萧景琰咬紧牙关,凭借顽强的意志和浸淫多年的精妙剑法苦苦支撑。他的剑招依旧凌厉,却失了往日的灵动与力量,步伐也因伤痛而变得沉重凌乱。每一次兵刃相交,他都感觉像是被巨浪拍击,旧伤处传来钻心的疼痛,视野阵阵发黑。鲜血不断从他破裂的虎口和新增的伤口中涌出,将他玄色的王袍染得更加深沉。
两人的身影在巨岩上高速移动,剑光纵横交错,劲气四溢,卷起地上的尘土和血沫。周围的厮杀仿佛都已静止,所有人的目光都聚焦在这场决定江都最终命运的王室对决上。江都残兵眼中充满了悲愤与绝望,而安阳军则爆发出震天的呐喊,为他们的王助威。
“多年前,你从我手中夺走江都,又夺走梦雨!”萧景瑜一边疾攻,一边用言语刺激着萧景琰的心神,每一句话都像毒针般扎向对方最痛处,“你可曾想过会有今日?这江都的王位,本就是我萧景瑜的!你不过是个窃贼!”
萧景琰一言不发,只是将所有的精神气力都灌注于手中的剑上。他的脑海中闪过无数画面:梦雨温柔的微笑,琪宝咿呀学语的稚嫩脸庞,江都百姓安居乐业的景象……这一切,难道今日就要彻底终结了吗?不!只要他还有一口气在,就绝不能放弃!
一股莫名的力量从他残破的身体深处涌起,他猛然发出一声咆哮,剑势陡然变得狂猛起来,竟一时间将萧景瑜逼退了两步!
“垂死挣扎!”萧景瑜眼中闪过一丝讶异,随即被更浓的杀意取代。
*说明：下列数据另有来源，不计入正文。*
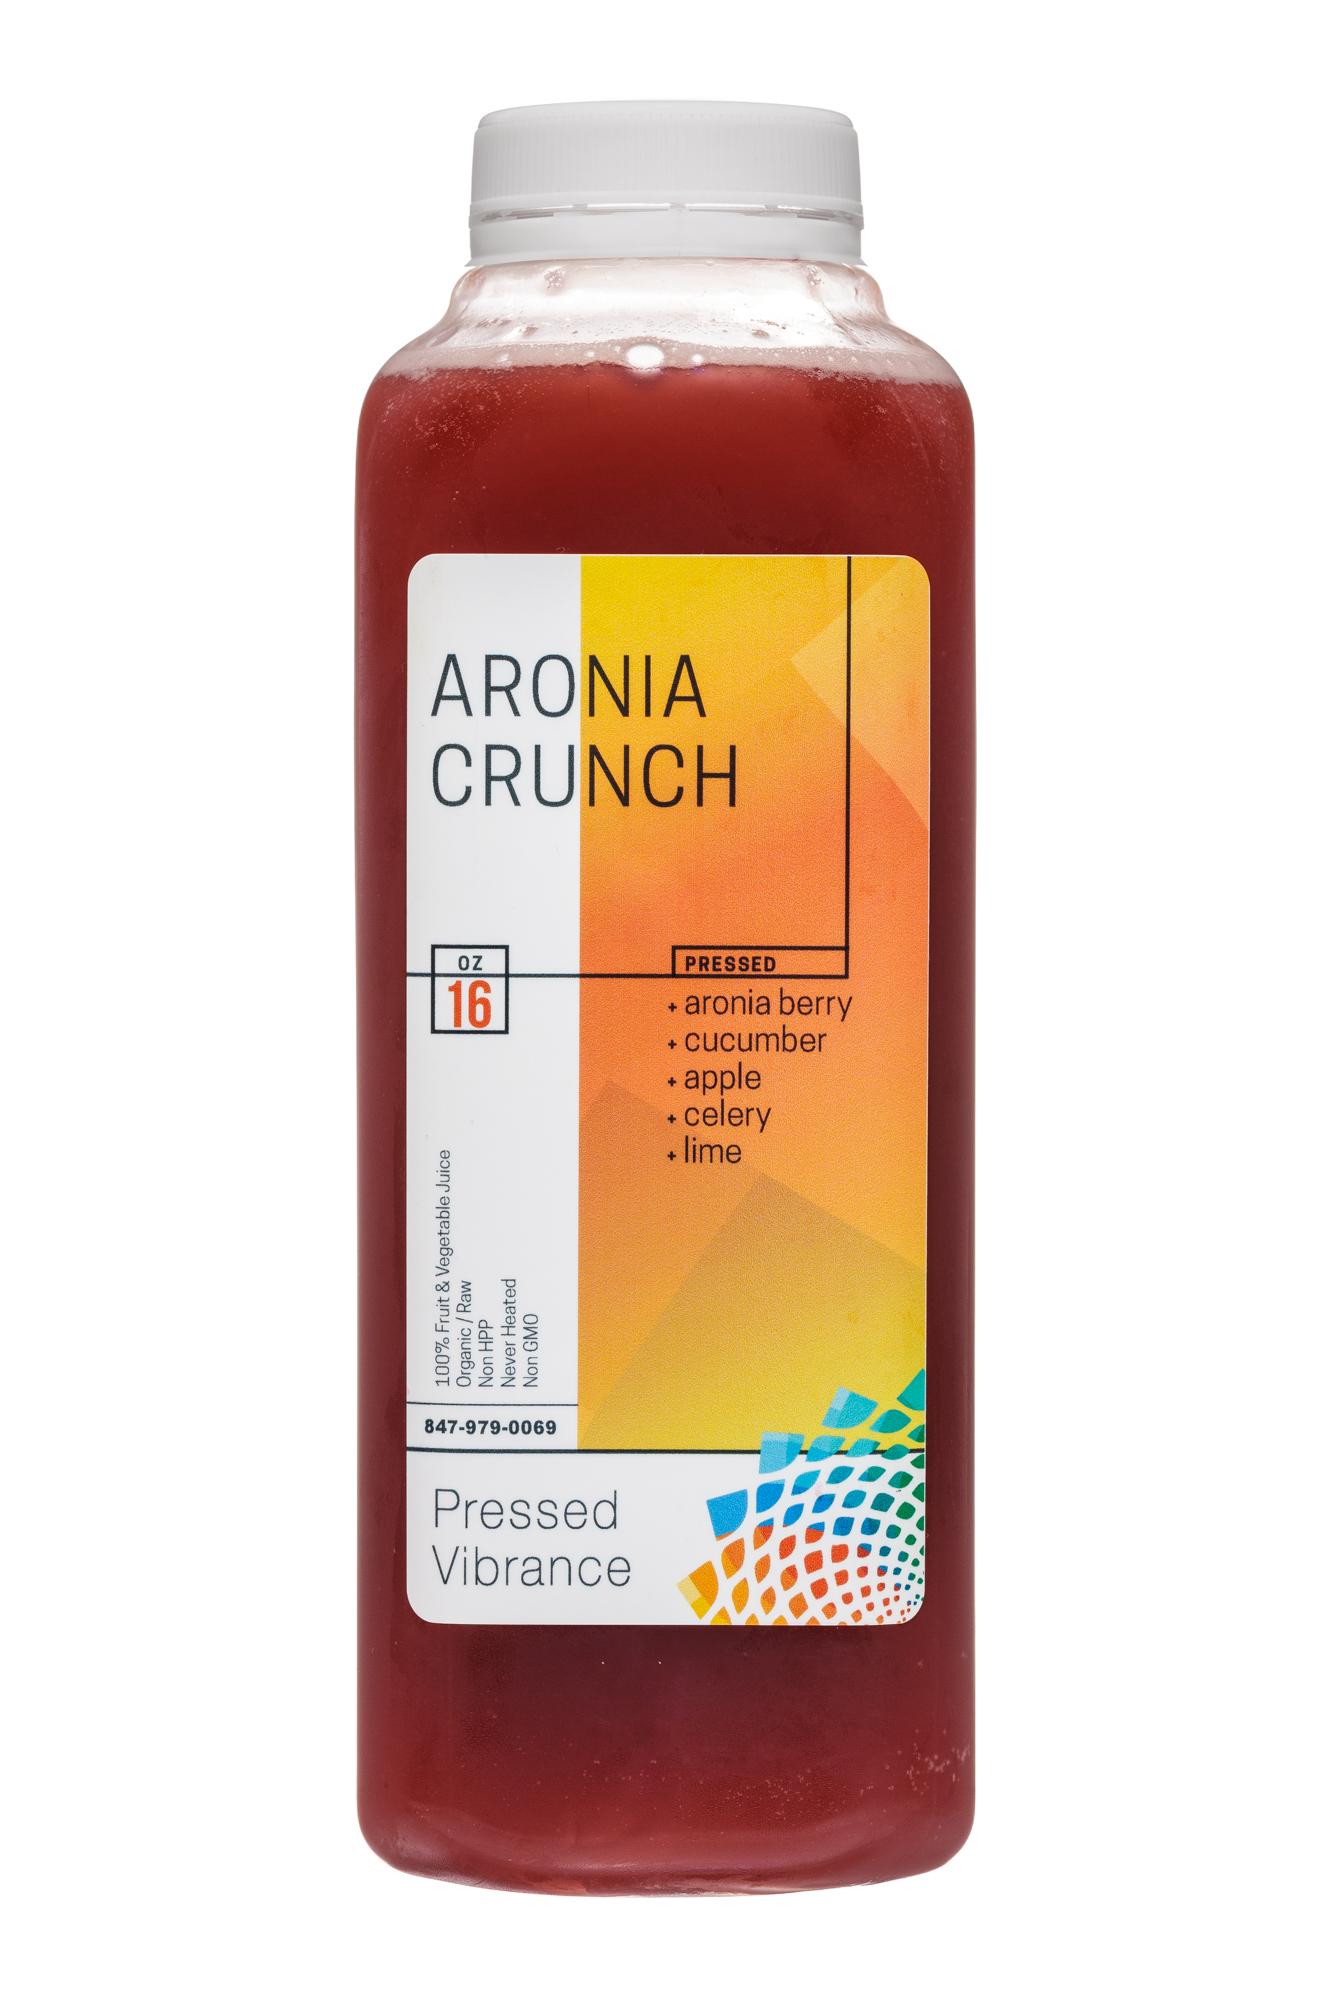 Aronia Crunch

他看出萧景琰这是回光返照,攻势愈发狠辣刁钻。
终于,萧景瑜抓住了萧景琰一个因体力不支而露出的微小破绽。他虚晃一剑,诱使萧景琰全力格挡,随即身形一矮,避过剑锋,左掌凝聚十成功力,蕴含着开碑裂石之威,结结实实地印在了萧景琰旧伤未愈的胸膛之上!
“嘭!”一声闷响!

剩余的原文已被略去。